Republican fantasies of ousting Van Drew never happened.  He won 54% against former Wildwood Municipal Court Judge and high school basketball coach David DeWeese in 2011, 59% against Upper Township Zoning Board member Susan Adelizzi-Schmidt in 2013, and 65% against former Cumberland County Freeholder Mary Gruccio in 2017.

The GOP only won once during the Van Drew era.

In 2013, Republican Sam Fiocchi, a Cumberland County freeholder, took out Albano by 928 votes after video of the assemblyman’s “do you know who I am?” traffic stop went viral.   Two years later, Democrat Bruce Land defeated Fiocchi by 2,322 votes.

The return of the GOP

State Sen. Rob Andrzejczak, left, and Assemblyman Bruce Land. Photo courtesy of The Van Drew Team.

Van Drew went to Congress in 2018, flipping a Republican House seat following the retirement of LoBiondo.

That put the 1st district Senate seat back in play for the Republicans for the first time in a dozen years.

The new senator was Bob Andrzejczak (D-Middle), an Army veteran who lost his leg in Iraq when his convoy was attacked by an armor-piercing grenade.
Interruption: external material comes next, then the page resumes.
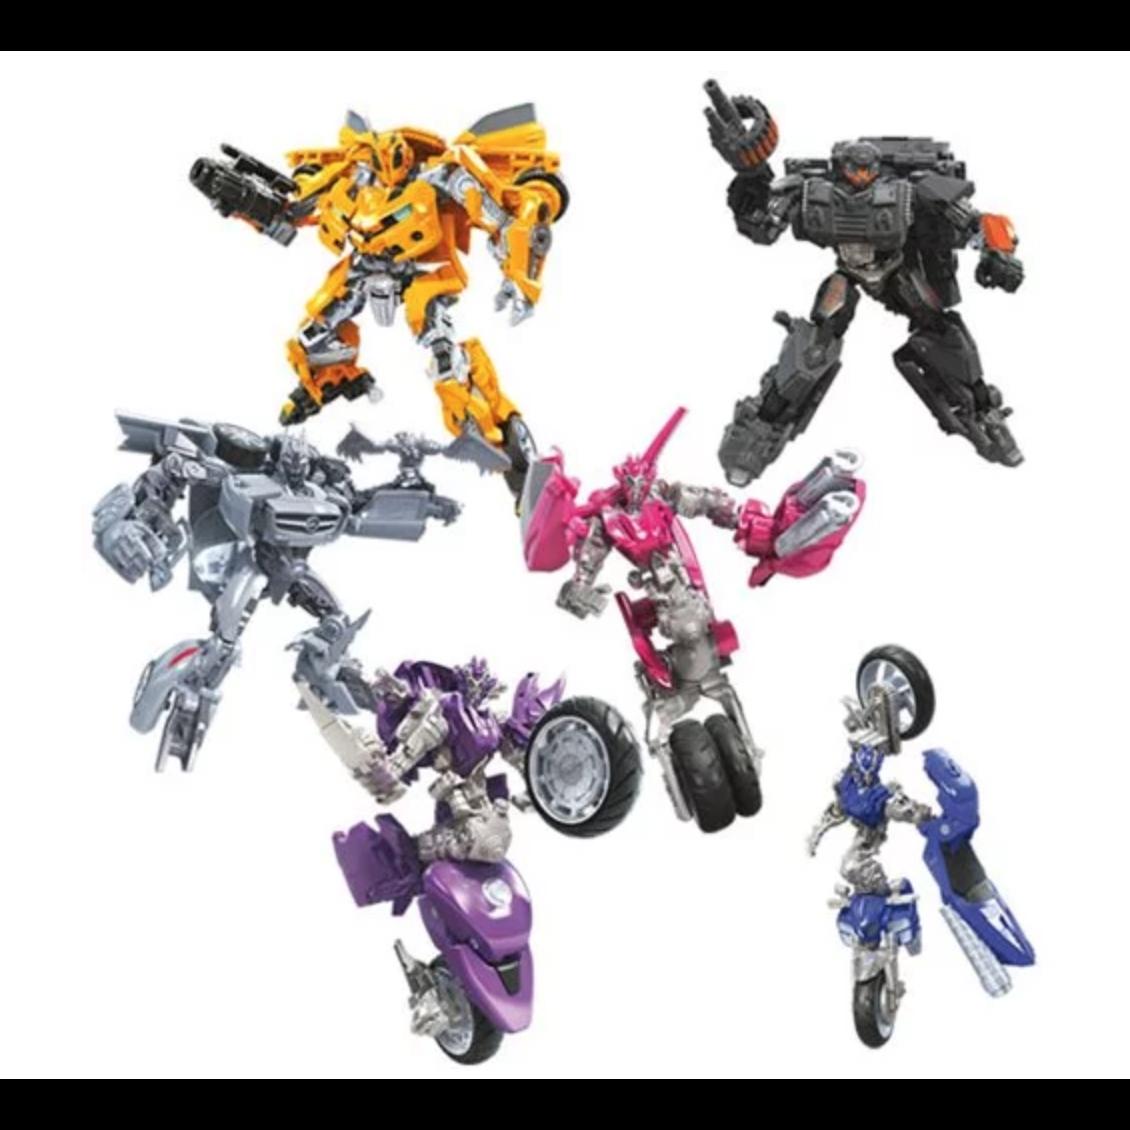 Image of Transformers Studio Series Premier Deluxe Wave 8 - Set of 4 (RE-STOCK)

Van Drew handpicked Andrzejczak for an open Assembly seat when Milam resigned in 2013, and helped him win three races for the lower house.

Andrzejczak won a special election convention in January, pitting him against Testa, the Cumberland County GOP Chairman.

Sensing Van Drew’s move to Washington, Testa began eyeing the Senate seat last year in a district that Donald Trump won by five percentage points.

He ran more against Democratic Gov. Phil Murphy and congressional Democrats than against Andrzejczak.   Testa made illegal immigration into a local issue and defeated Andrzejczak by 3,585 votes, a 53%-47% margin.

Testa won Cape May by 2,691 votes (54.5%), Cumberland by 516 votes (51%), and 378 votes in Atlantic (61%).

In the Assembly race, Republican challengers Erik Simonsen, the mayor of Lower Township, and Ocean City Councilman Antwan McClellan, unseated Land and Milam, who had returned to the Assembly to replace Andrzejczak.

This was the first GOP sweep of three 1st district seats since 1997.